CHICAGO – There is a narrative that has been bouncing around Chicago since April 27, 2017, that the future of Bears general manager Ryan Pace is inexorably tied to the success or failure of Mitch Trubisky at quarterback.
It simply is untrue.
Sure, Pace paid a huge price for Trubisky when he almost certainly could have had him cheaper, and he definitely could have selected Deshaun Watson or Patrick Mahomes with his own pick in the draft rather than trading up for Trubisky, and there are fans who will forever roast him if either turns out to be the better QB than Trubisky.
But it is all just ancillary noise surrounding the real question of just how good, mediocre or poor a GM Pace proves to be.
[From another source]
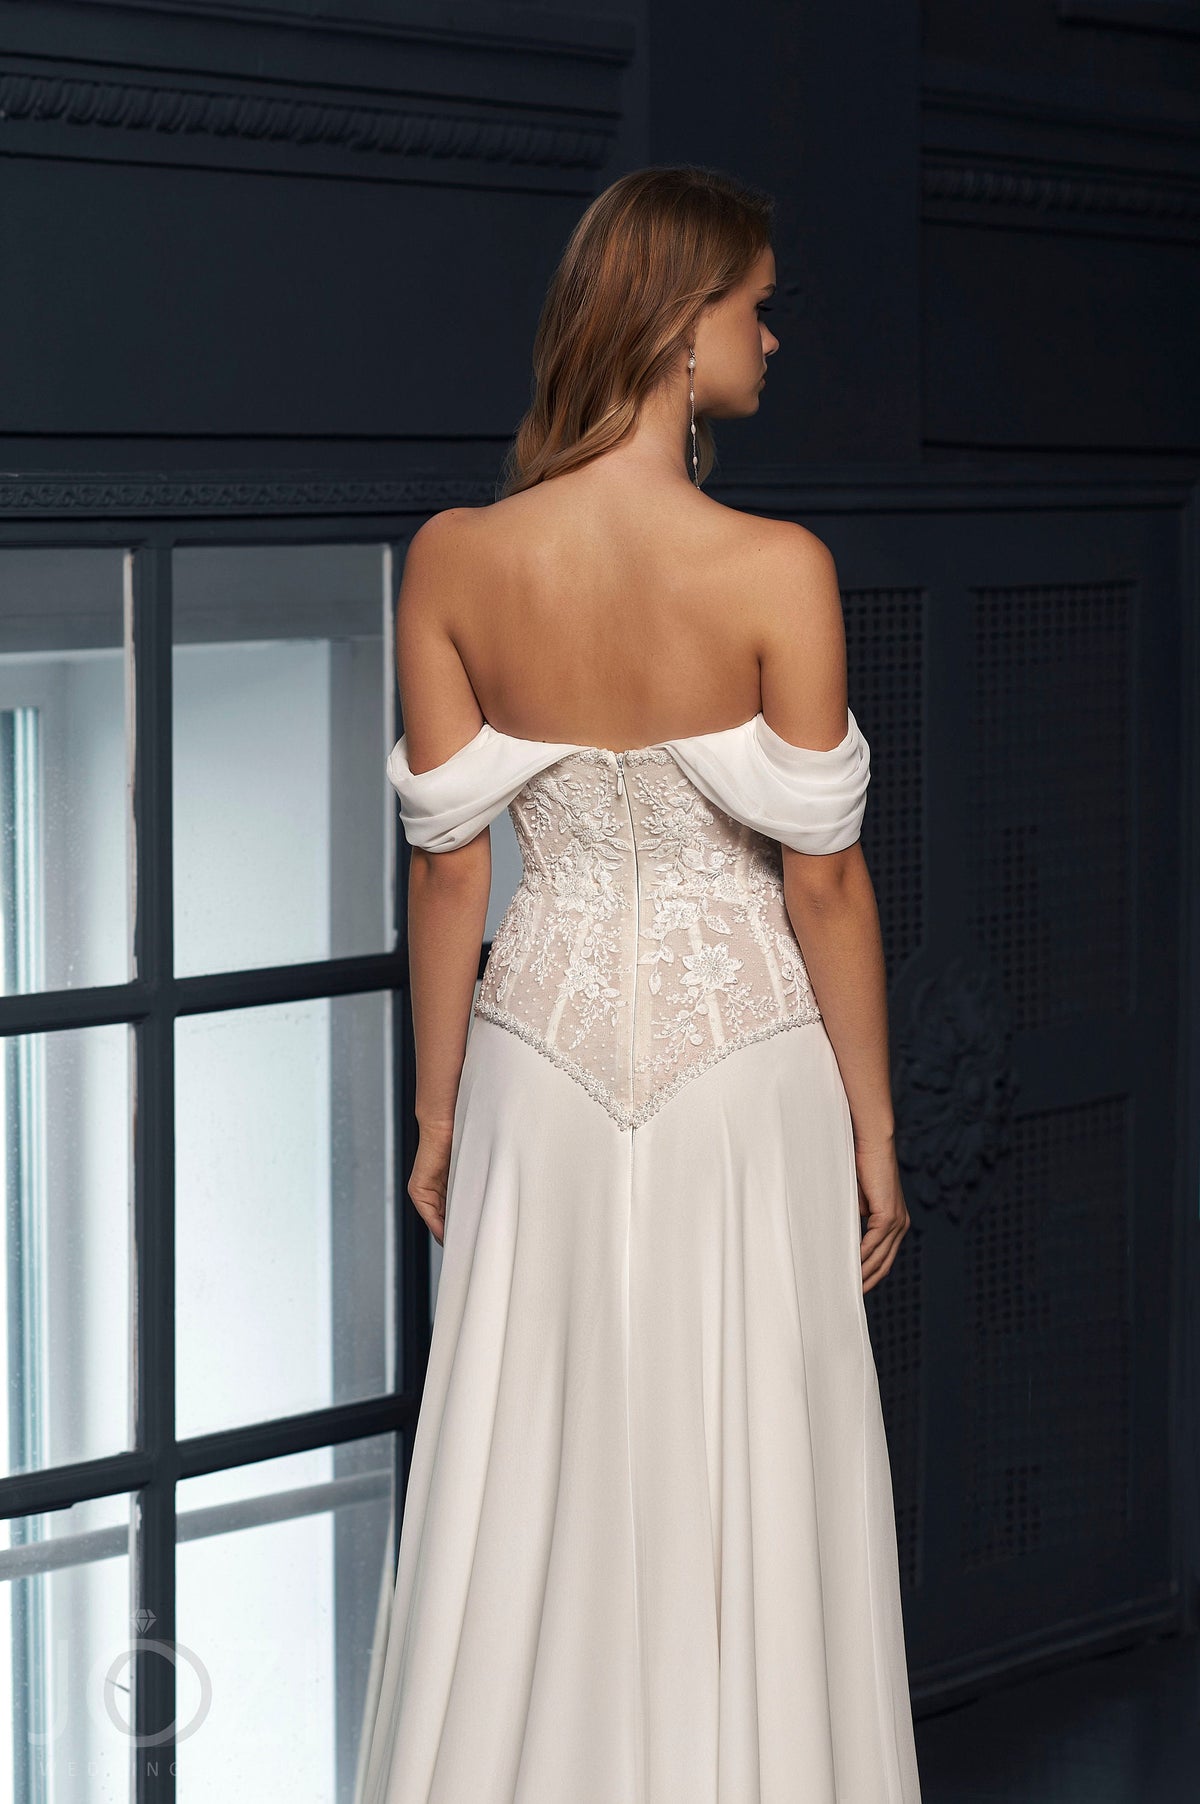 Romantic Floral Lace Side Slit Aline Off the Shoulder Detachable Long Bell Sleeves Open Back Wedding Dress Bridal Gown Sweetheart Neckline

The bottom line is Pace was brought to Chicago to build a Super Bowl team.
Finding an all-star quarterback at the top of the draft is thought by many to be a prerequisite to accomplishing that goal, but it is not.
The ultimate measure of Pace’s tenure will be whether he built a perennial contender and won a title or more, not the player Trubisky eventually becomes.
Since 2013, only one QB drafted in the first round, Peyton Manning, has won a Super Bowl (during the 2015 season), and that year he started only nine games and was a shadow of himself when he came back for the playoffs and won behind the Denver defense.
Seattle claimed the 2013 season Super Bowl behind third-round choice Russell Wilson.
In 2014 and 2016, the Patriots won behind sixth-round pick Tom Brady, and last season Nick Foles, a third-round pick of the Eagles, won a Super Bowl with Philadelphia after playing for two other NFL teams.
Yes, Brady is the greatest of all time, and Wilson is a perennial Pro Bowler, but nobody but Bill Belichick and John Schneider/Pete Carroll thought much of them coming out of school.
Foles may not be one of the 10 best quarterbacks in the NFL right now, but for seven weeks last year he was better than anyone else, and now folks keep throwing around the genius word when discussing Eagles GM Howie Roseman.
Yes, the straightest path to sainthood in Chicago for Pace is if Trubisky becomes a Super Bowl-winning quarterback, but that’s no reason not to do a fair evaluation of what Pace has accomplished in his first 3 1/2 years on the job.
When he arrived in Chicago, Pace inherited one of the three or four worst rosters and locker rooms in the NFL.
Obviously, John Fox wasn’t a great hire as coach, and Pace has to own that, but it’s pretty clear it wasn’t really his idea.
We’ll evaluate Matt Nagy in a year or two, but early returns suggest Pace really may have gotten ahold of one on his second trip to the plate, and getting defensive coordinator Vic Fangio to stick around was an absolute home run.
Kyle Long, Kyle Fuller, Charles Leno and Sherrick McManis are the only current Bears not acquired by Pace.
Khalil Mack is a superstar, and Allen Robinson, Jordan Howard, Akiem Hicks, Eddie Goldman and Danny Trevathan have star qualities to their games.
Tarik Cohen, Trey Burton, Anthony Miller, Roy Robertson-Harris, Leonard Floyd, Roquan Smith, Eddie Jackson and Bryce Callahan are emerging through the early part of this season as among some of the most exciting young players in the league.
And Chase Daniel, Benny Cunningham, Bobby Massie, Sam Acho and Prince Amukamara are the kind of key veteran contributors you’ll find on every contending team.
It’s early, and we still don’t know how good this Bears team is or how good it is going to become.
But we do know that this roster is light years more talented than the group Pace inherited, and they may be – I emphasize MAY – on the verge of becoming very, very good.
For all the crap Pace has taken over the Fox regime, the Kevin White injuries and the Mike Glennon era (all four weeks of it), isn’t it time we gave him some credit for a job that looks like it’s being pretty well done?